I need help on the best connection method for my subwoofers. I am using all Definitive Technology speakers
Front: ProMonitor 1000s
Surround: BP2X
Surround Back: Mythos Gem

I have two Supercube II subwoofers for the front left and right, and one Supercube 1 for the Surround speakers. Should I use the L front preout from the receiver to the front left sub and similar for the right? I heard that I should also run an LFE in as well.


----------



## Jason_Nolan (Jul 4, 2008)

*Re: Speaker connections*

I would run all of them off the LFE, myself.

Nothing is to be gained from having a surround subwoofer due to the long wavelengths of bass. You wouldn't gain any directionality from bass.
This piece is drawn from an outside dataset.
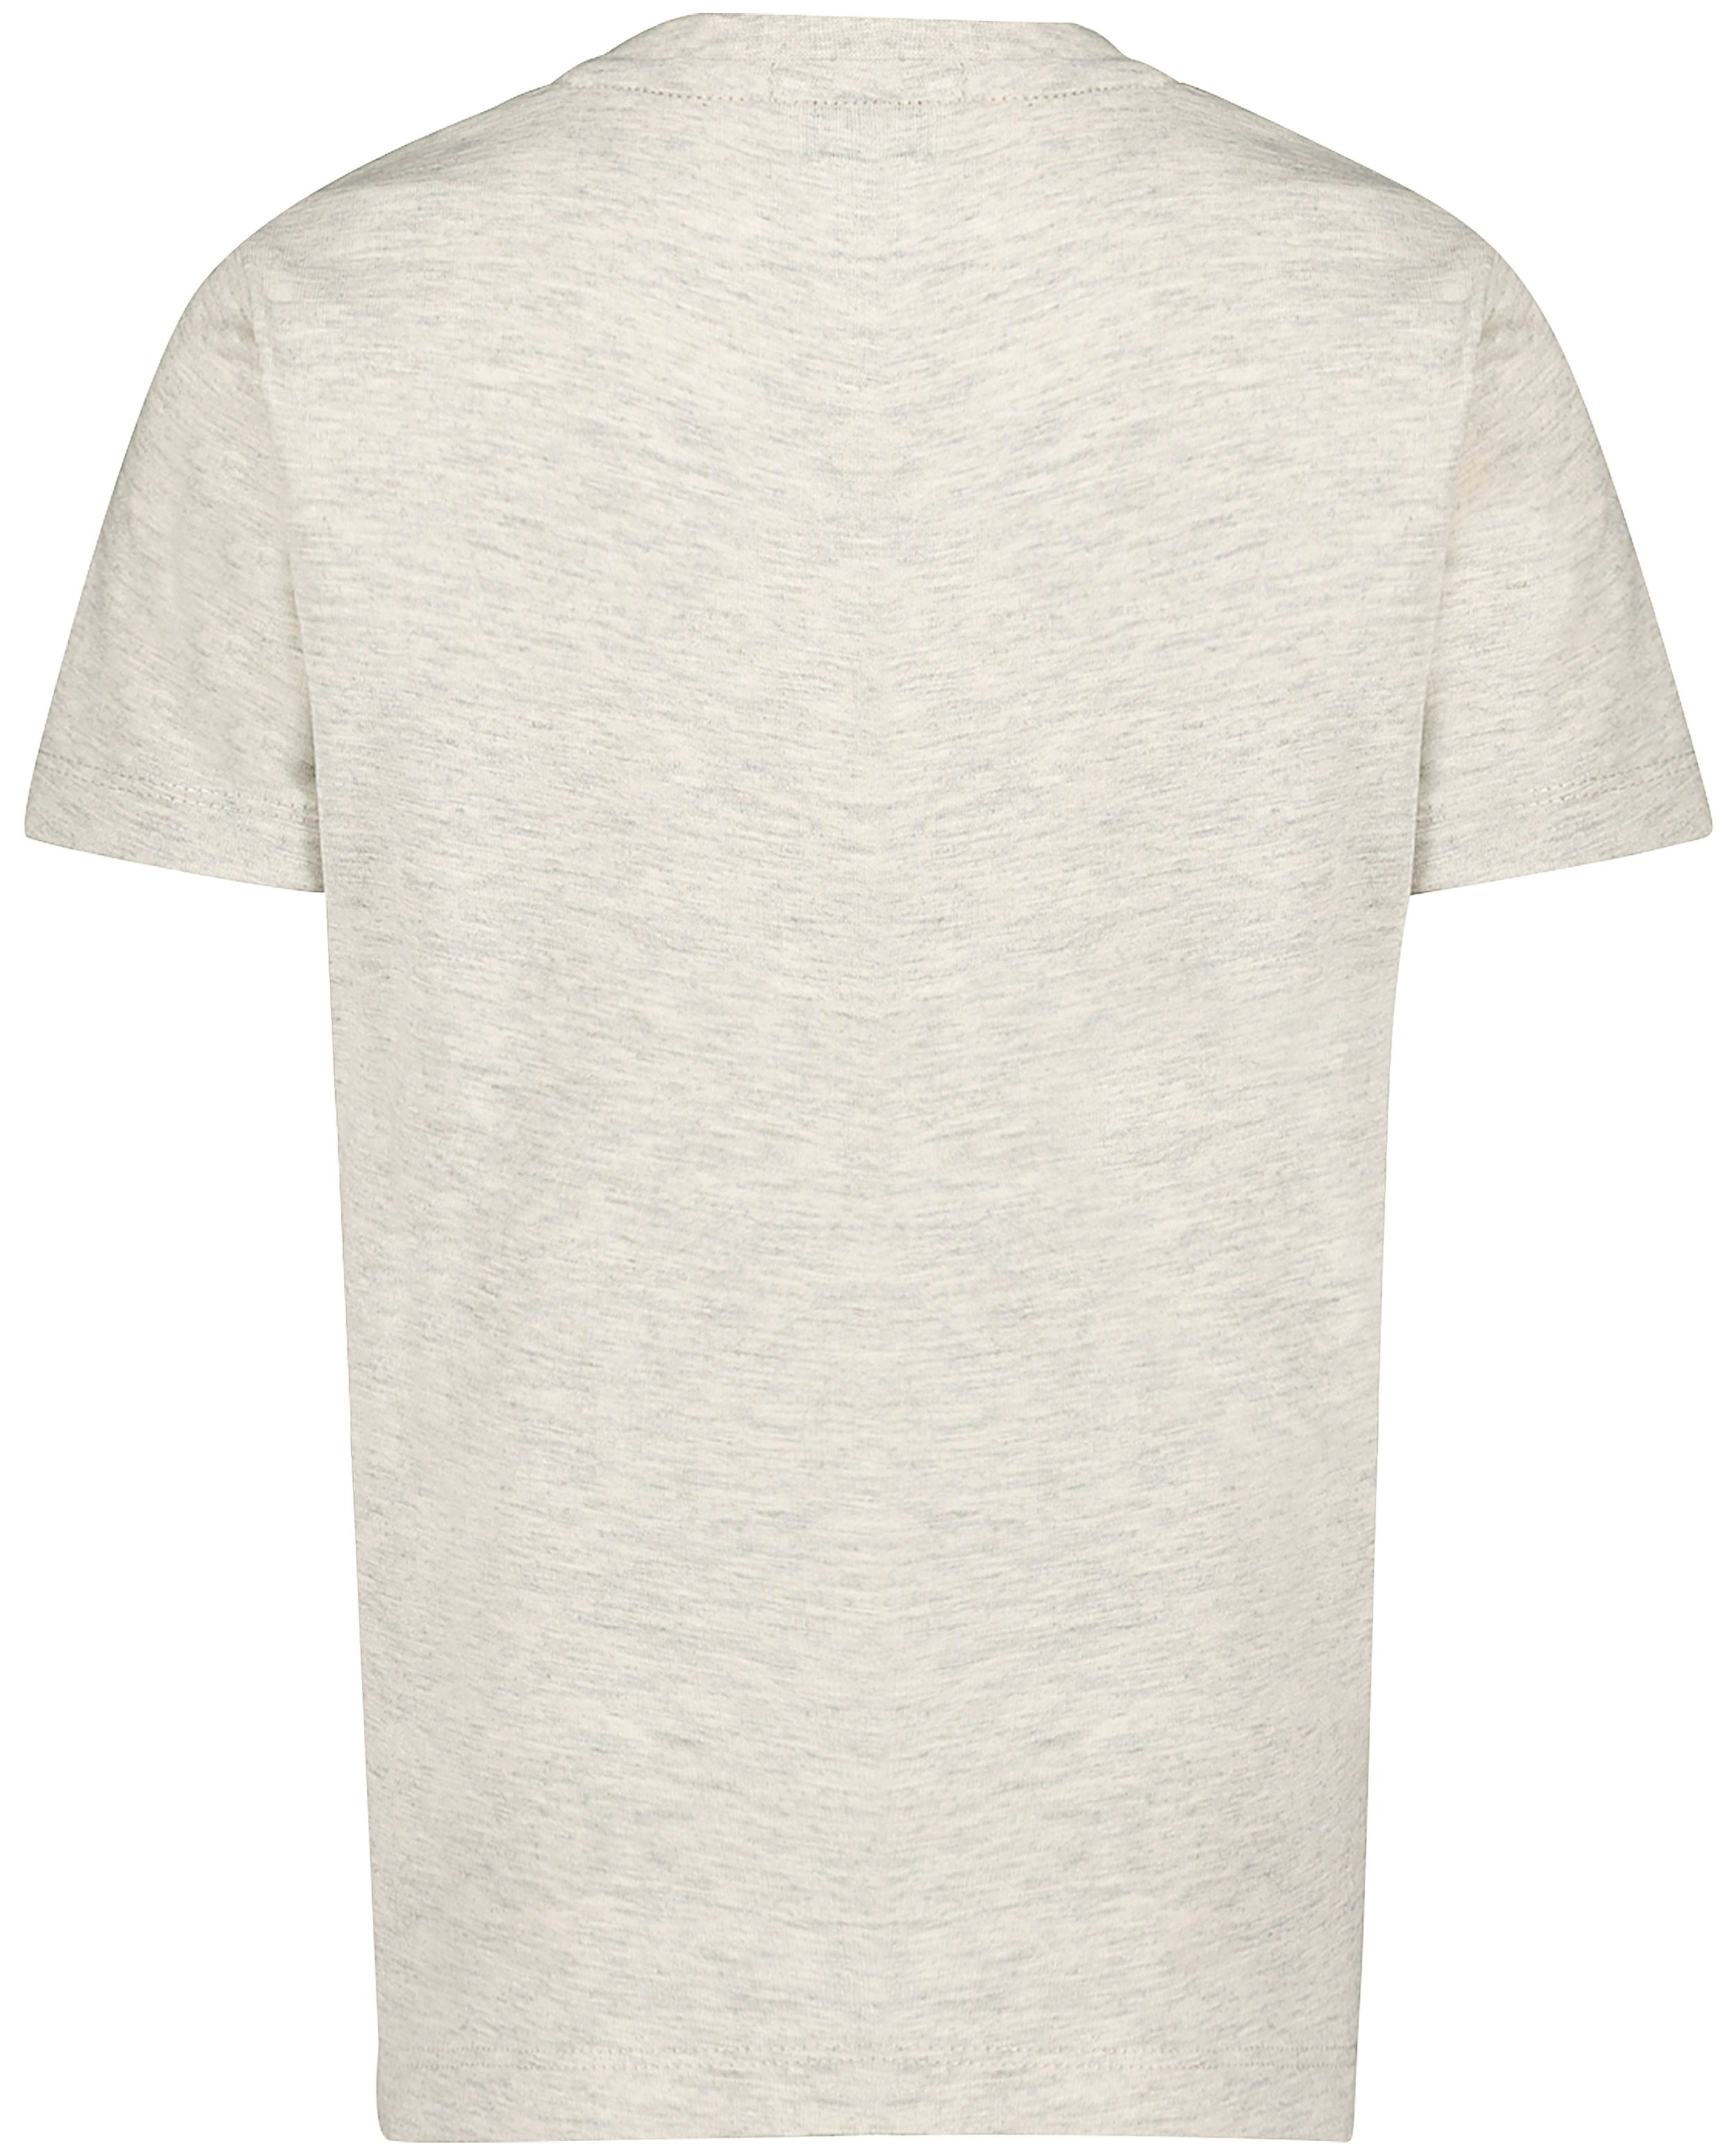 T-shirts - T-shirt gris, imprimé de frites (NL)

On the other hand, you could run them off the LFE and place them at different points throughtout the room to help the response over a wider area. This is hard to inegrate them all to play together, but doable with research, REW, and patience.


----------



## recruit (May 9, 2009)

*Re: Speaker connections*

I agree with jason, if you are using a SSP then connect from the LFE output and let the receiver deal with the bass management, you can daisy chain subs for different locations as stated or you can stack them for higher output in a single location, but by placing between the front L/R main speakers will give a more even bass response across your listening area.

Edit: btw I have moved this thread to the subwoofer section and also altered the title to reflect your question correctly.


----------



## subzero (Jan 25, 2010)

In placing between the front L/R main speakers will give a more even bass response across your listening area.


----------



## recruit (May 9, 2009)

subzero said:


> In placing between the front L/R main speakers will give a more even bass response across your listening area.


Agreed, I had 2 Velodyne DD12's in between the left and right speakers and it did give a more evenly response across the listening area, but when I got the big M&K MX5100SF it has so much more power I feel happier with the sound with just one big sub...

I can only Imagine what 2 x MX5100's would sound or feel like :hsd:


----------



## halco (Feb 12, 2010)

Agreed, LFE


----------